An investor sentiment reward-based trading system using Gaussian inverse reinforcement learning algorithm
Introduction
Many studies have emerged aiming to explain the phenomenon that irrational decisions tend to be biased on the same direction rather than holding rational expectations (De Long, Shleifer, Summers, Waldmann, 1990, Kahneman, Tversky, 1979, Shiller, 2003, Shiller, Fischer, Friedman, 1984). Investor sentiment has become a focus of behavioral finance in recent years (Antoniou, Doukas, Subrahmanyam, 2013, Barber, Odean, 2012, Sun, Najand, Shen, 2016, Tetlock, 2007, Yang, Mo, Zhu, 2014). On the one hand it directly challenges the assumption that participants of the financial markets are rational but on the other hand, it has inspired researchers to design novel trading strategies to exploit premiums caused by investor’s irrational behaviors driven by the market sentiment.
The aim of this research is to reveal the intrinsic relationship between investor sentiment and market returns using the inverse reinforcement learning (IRL) approach by designing an effective trading system. In this study we answer three questions: (i) What is the interaction mechanism between investor sentiment and financial market? (ii) Is there an inherent mapping between this interaction mechanism and future financial market directions? (iii) Can we take advantage of this interaction mechanism to consistently beat the market? Most of the effort in this field has been focused on building direct relationships between investor sentiment proxies and future financial market movements (Bollen, Mao, Zeng, 2011, Kurov, 2010, Yang, Song, Mo, Datta, Deane, 2015), where these relationship indicators are then used to design trading strategies (Yang, Mo, Liu, & Kirilenko, 2017). However, in this paper we model the financial market dynamics as a Markov decision process and regard investor sentiment as a series of actions taken at different market states. Assuming there exists an intrinsic market reward function governing this process, we then extract the reward function using Gaussian process based inverse reinforcement learning algorithm (Qiao & Beling, 2011), and use the rewards to forecast directions of the future marketx returns.
The intuition of this approach rests on the evidence that investor sentiment has significant influence on financial market movement. When investors are optimistic about the market, they tend to long assets and contribute to the boom of the market. When investors are pessimistic about the future of the market, they tend to take short positions on assets and contribute to the downturn of the market. Investor sentiment would also adjust itself to these market movements when the asset values deviate too far from the fundamental values. During this process, we posit that the reward function from the inverse reinforcement learning framework is “the most succinct, robust, and transferable definition of the task” (Abbeel & Ng, 2004), assuming the market as a whole follows a Markov process.

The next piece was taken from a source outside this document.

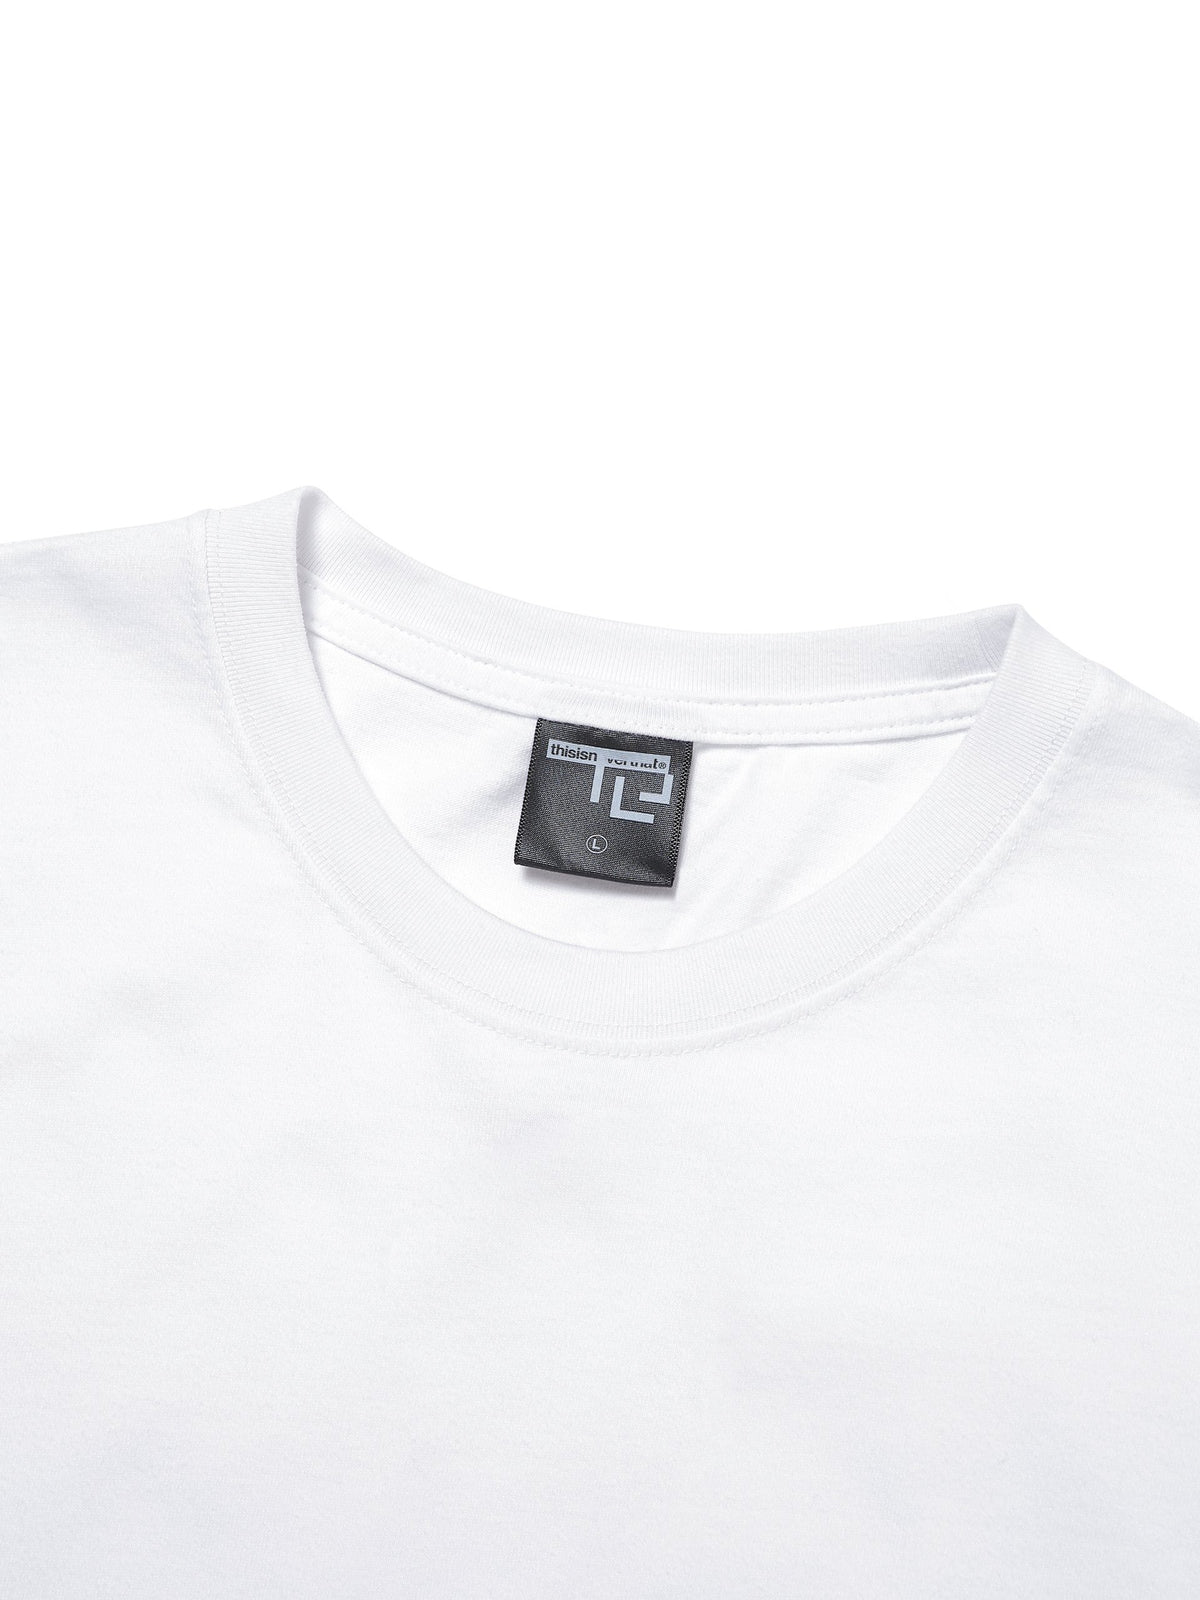 TNT x RAMIDUS L/SL Tee L/SL T-Shirt

In other words, the reward function is a feature that can be extracted from the observations of the past interactions between investor sentiment and financial market movement. This process naturally filters out the sentiment signals that do not generate market reactions, and hence the reward-based signals should improve the quality of the forecast where the reward function contains cleaner information of such interactions than the raw sentiment measures at least. Based on this intuition, we hypothesize that the market sentiment reward function should be a good feature space for predicting future financial market directions. Then we can design a profitable strategy based on the sentiment rewards extracted from this inverse learning process.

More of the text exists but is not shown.